Yandex has Alice, a voice assistant with a pleasant voice and an open API for third-party developers. That is, any developer can expand Alice's functionality for millions of users and even get money from Yandex for this .

We of courseofficially made JAICF friends with Alice , so now you can write skills in Kotlin. And this is what it looks like.

Script -> Webhook -> Dialogue

Any Alicia skill is a voice dialogue between a user and a digital assistant. The dialogue is described in JAICF in the form of scripts, which are then run on the webhook server, which is registered in Yandex.Dialogues.

Scenario

Let's take a skill we came up with for a hackathon. It helps to save money when shopping in stores. First, see how it works.

Here you can see how the user asks Alice - "Tell me what is more profitable - so many rubles for such and such an amount or so much for that?"

Alice immediately launches our skill (because it is called "What is more profitable") and transfers all the necessary information to it - the user's intent and data from his request .

The skill, in turn, reacts to the intent, processes the data, and returns a useful response. Alice says the answer and turns off, because the skill ends the session (they call this "one-pass skill").

Here is such a simple scenario, which, however, allows you to quickly calculate how much one product is more profitable than another.

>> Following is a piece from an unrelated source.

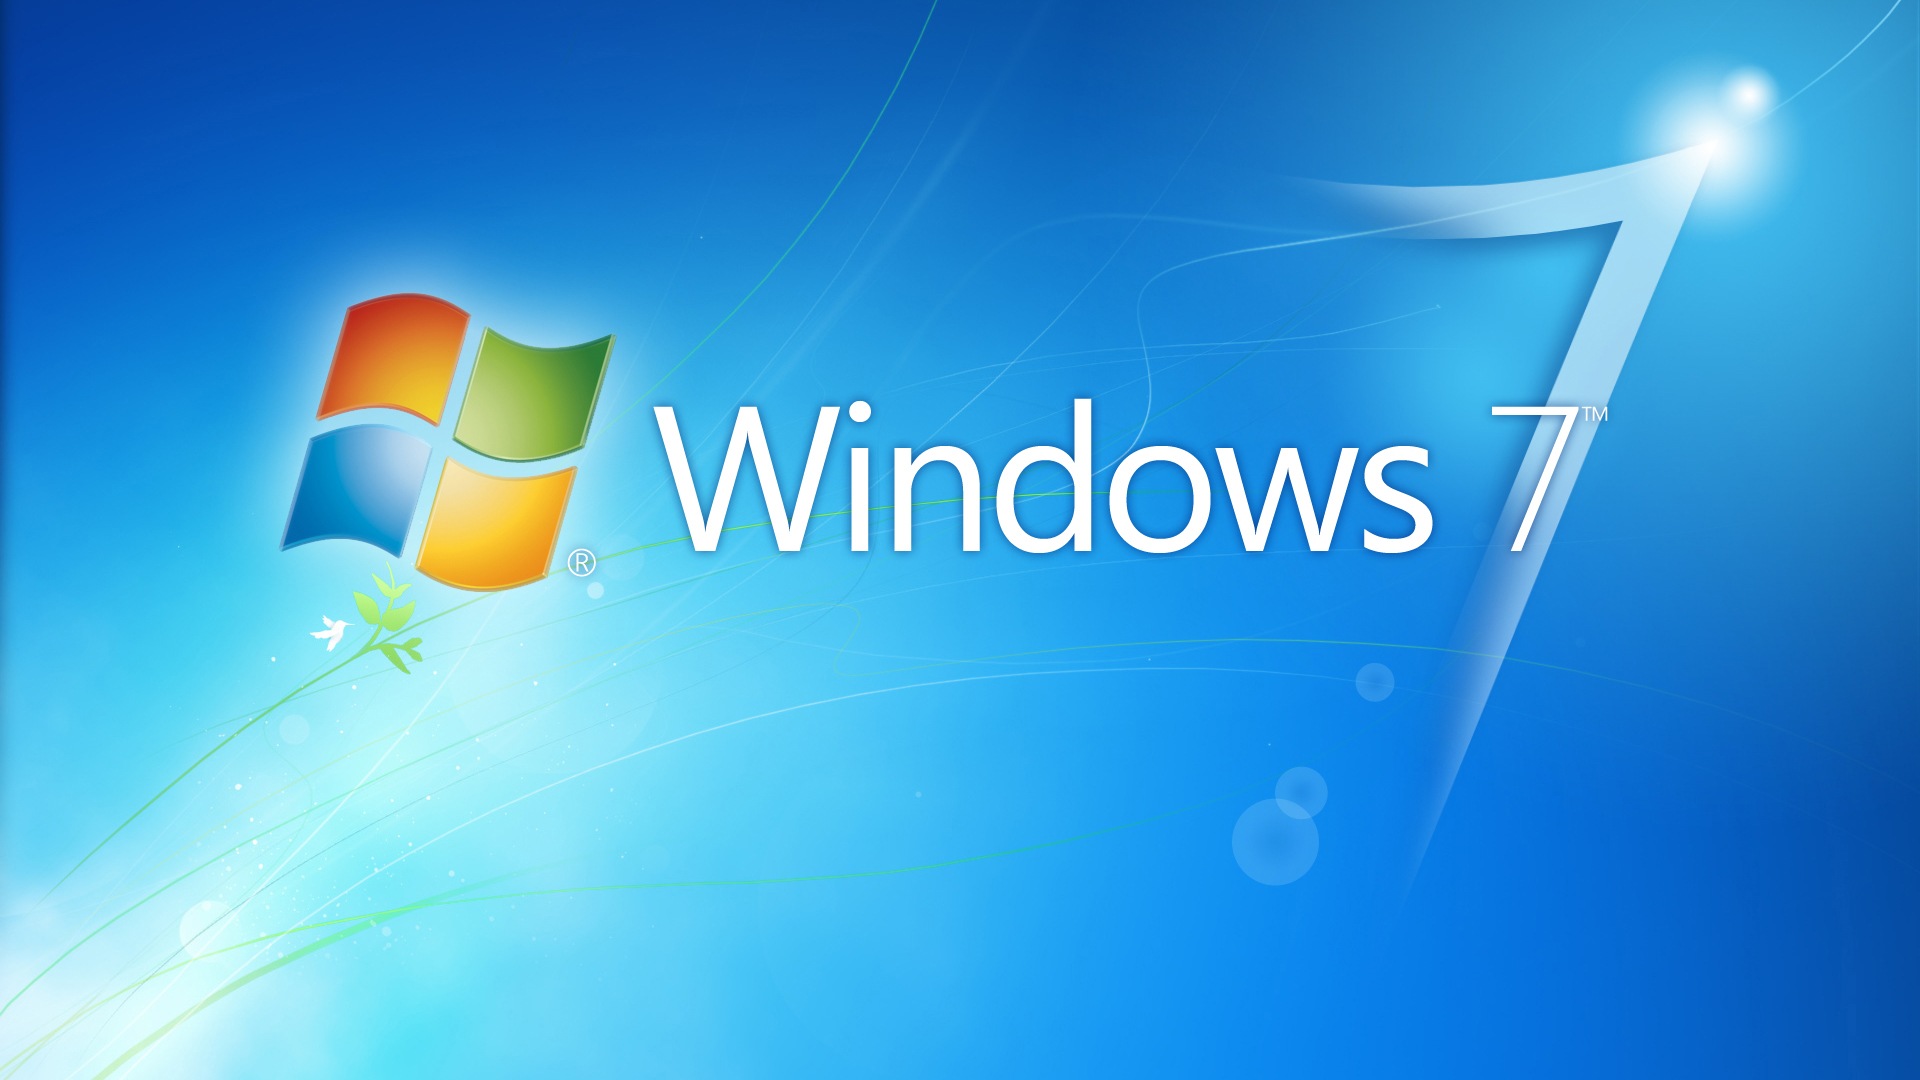 Лучшая windows 7. Виндовс 7. Microsoft Windows 7. Логотип виндовс 7. Картинки виндовс 7.

And at the same time win a speaking column from Yandex.

What does it look like in Kotlin?

object MainScenario: Scenario() {
    init {
        state("profit") {
            activators {
                intent("CALCULATE.PROFIT")
            }

            action {
                activator.alice?.run {
                    val a1 = slots["first_amount"]
                    val a2 = slots["second_amount"]
                    val p1 = slots["first_price"]
                    val p2 = slots["second_price"]
                    val u1 = slots["first_unit"]
                    val u2 = slots["second_unit"] ?: firstUnit

                    context.session["first"] = Product(a1?.value?.double ?: 1.0, p1!!.value.int, u1!!.value.content)
                    context.session["second"] = p2?.let {
                        Product(a2?.value?.double ?: 1.0, p2.value.int, u2!!.value.content)
                    }

                    reactions.go("calculate")
                }
            }

            state("calculate") {
                action {
                    val first = context.session["first"] as? Product
                    val second = context.session["second"] as? Product

                    if (second == null) {
                        reactions.say("   ?")
                    } else {
                        val profit = try {
                            ProfitCalculator.calculateProfit(first!!, second)
                        } catch (e: Exception) {
                            reactions.say("   , .   .")
                            return@action
                        }

                        if (profit == null || profit.percent == 0) {
                            reactions.say("     .")
                        } else {
                            val variant = when {
                                profit.product === first -> ""
                                else -> ""
                            }

                            var reply = "$variant   "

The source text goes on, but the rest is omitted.